Education2 min read·Updated March 9, 2026

Test-Taking Strategies: How to Maximize Your Score

Proven strategies for multiple choice, essay, and math exams — including time management, elimination techniques, and anxiety reduction.

Share:
Advertisement

Before the Exam

  • Review what counts: Verify the exact topics covered and question types. Professors often drop hints in review sessions.
  • Practice past exams under timed conditions: The most predictive preparation activity. Timing pressure and format familiarity are skills that require practice.
  • Sleep: Pulling an all-nighter reduces memory consolidation and cognitive function by 20–40%. One good night of sleep before an exam outperforms 4 hours of extra cramming.
  • Eat and hydrate: Glucose supports working memory. Don't fast before a high-stakes exam.

Multiple Choice Strategies

  • Read the question before the answers: Form your expected answer before looking at choices to avoid anchoring on wrong options.
  • Eliminate obviously wrong answers: Getting from 4 to 2 choices takes a 25% guess to 50%.
  • Flag and return: Skip difficult questions, complete the rest, then return. Later questions often contain context clues.
  • "All of the above" / "None of the above": If two choices are both correct, "all of the above" is likely right.

Essay Exams

Spend 5 minutes outlining before writing — students who outline produce higher-scoring essays even with less total writing time. Start with your thesis statement. Use the classic structure: claim → evidence → analysis → conclusion. Professors grade on argument clarity and evidence more than length.

Managing Test Anxiety

Reframe anxiety as excitement — the physiological symptoms are identical (elevated HR, alertness). Brief journaling about worries before an exam reduces anxiety's cognitive load by "downloading" worries onto paper. Box breathing (4 counts in, 4 hold, 4 out) during the exam activates the parasympathetic nervous system.

Advertisement

Frequently Asked Questions

Should I change my first answer on a multiple choice test?

Yes, if you have a specific reason.
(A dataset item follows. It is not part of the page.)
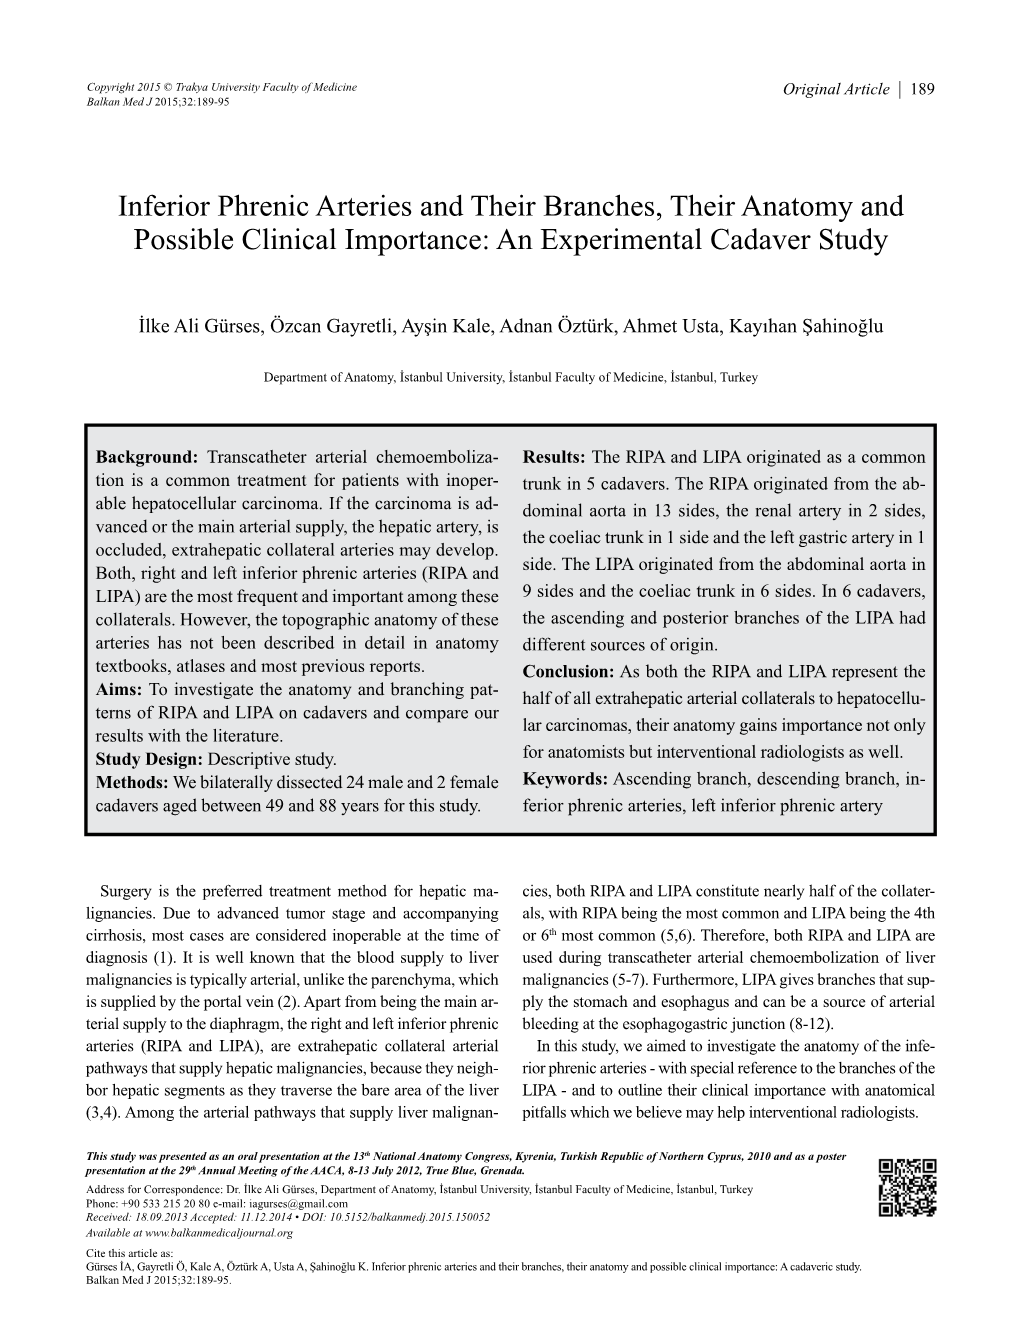 Inferior Phrenic Arteries and Their Branches, Their Anatomy and Possible Clinical Importance: an Experimental Cadaver Study

Research shows changing answers improves scores more often than it hurts — the 'don't change your first answer' advice is a myth. Change if you realize you misread the question or remember relevant information.

How should I allocate time on an essay exam?

Roughly proportional to point value. If a 3-part essay is worth 30/40/30 points, allocate time proportionally. Always leave 5 minutes at the end to review. Partially answering all questions beats fully answering half if time runs short.